I’m right/you’re wrong
Welcome/spring’s here
hello/goodbye
get lost/no way
Beatles/Elvis
gray duck/no, goose

april 27/RUN

4.1 miles
river road, north/seabury, south/river road, south/edmund, south
53 degrees
Deaths from COVID-19: 286 (MN)/ 55,118 (US)

What a morning! Rained early, then Sun! Birds! A slight breeze! Trees barely budding, glowing a yellowy green!

In the name of the Trees—
And the Woodpecker—
And the Breeze—Amen!
(variation on Emily Dickinson)

It’s easier to bury deep the panic and thoughts about getting very sick or someone I love getting very sick when the weather is like this and the trails aren’t too crowded and it’s not too hot or too cold and there aren’t swarming gnats yet.

My run felt good this morning. I remember looking down at the river, but I don’t remember what I saw—wait, how could I forget? It was gorgeous! Not sparkling or shining, but a mirror reflecting the fluffy clouds. I imagined that the water was another world, doubled and reversed, like in May Swenson’s great poem, “Water Picture“: “In the pond in the park/ all things are doubled:/ Long buildings hang and/ wriggle gently. Chimneys/ are bent legs bouncing/ on clouds below.” Love how “In the pond in the park” bounces on my tongue. I kept glancing over at the water and admiring its smooth beauty and how it looked like a mirror. I started thinking about the Greek myth (which I couldn’t really remember) about the hunter who looked at his reflection. I looked it up just now–of course it was Narcissus. Here’s an interesting article I found that discusses him and the idea of mirrors in water–it even has a picture of Salvadore Dali looking into the water.

At some point during my run, a biker biked by, their radio blasting “Everybody Talks.” (Had to look it up, it’s by Neon Trees.) I haven’t heard this song in a few years; it was on one of my running playlists for a while. Mostly I listened to it while I ran around the track at the YWCA. Just looked and couldn’t find any mention of it in this log.

Reciting While Running: Dear One, Absent This Long While

Started reciting my poem for the week, Lisa Olstein’s Dear One Absent This Long While. Not too difficult to memorize, fun to say. I don’t remember much about the rhythms with my feet, but I do remember thinking more about the words. As I recited the line, “so even if spring continues to disappoint” I wondered, is it “spring” or “the spring”? I couldn’t remember and I tried to think about which fit better and whether or not a “the” was necessary.
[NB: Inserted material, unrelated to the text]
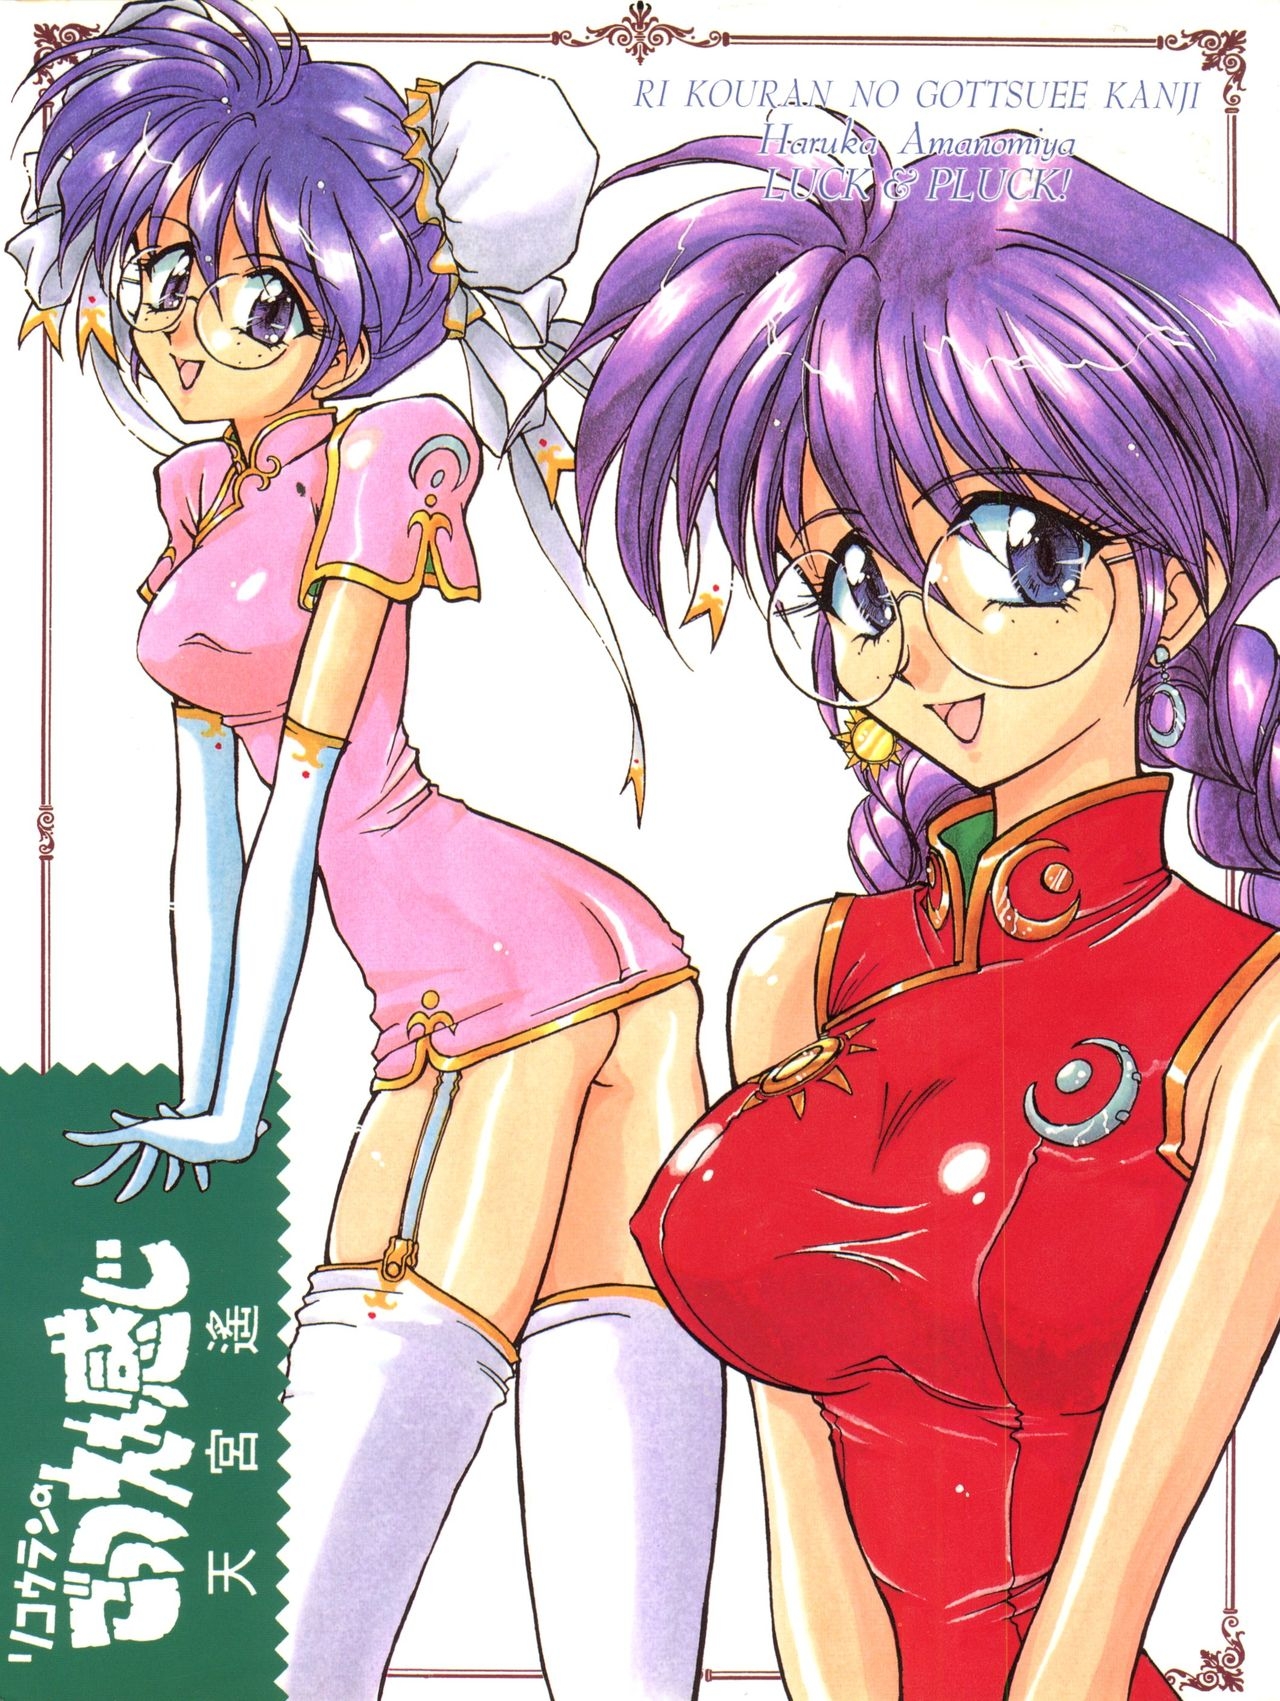 [LUCK&PLUCK!Co. (Amanomiya Haruka)] Li Kohran no Gottsuee Kanji (Sakura Wars) [1997-05-25] 1

Also paused at the line, “She had the quiet ribs/ of a salamander crossing the old pony post road.” At first, I kept saying “has” but then I realized it made more sense to say “had.” Also, why is there a “the” in front of pony post road here, but not a “the” in front of spring? I find it helpful to think more about the choices poets make with their words. It’s fascinating and I think it can help me make a better poet who uses better words and words better–which is always my goal in writing.

I decided it would be fun to record myself reciting the poem right after finishing my run and then listening to it while looking at the poem–which words did I screw up, leave out, add? This experiment was fun, although I am still way too self-conscious speaking into my phone. I want to stop caring if people see me doing it and what they think about it. Here’s the recording:

Dear One Absent This Long While, recorded 4/27

I’d like to try recording myself saying it again tomorrow after my run. Maybe by the end of the week I won’t feel weird doing it.

In addition to reciting this new poem, I also revisited Emily Dickinson’s “It’s all I have to bring today” and the second line. I tried running with the different rhythms that I figured out in yesterday’s log. “This, and my heart beside” I was struck by how the different rhythms also changed the emphasis. In the original, Dickinson is emphasizing, “This.” Some of my rhythms, like the triplet for “this and my”, put the emphasis on heart. It’s cool how much of a difference changing the rhythm can make on the meaning–not a deep insight, but it’s fun to find ways to actually understand poetry, especially those parts of it that seem so hard for me to get.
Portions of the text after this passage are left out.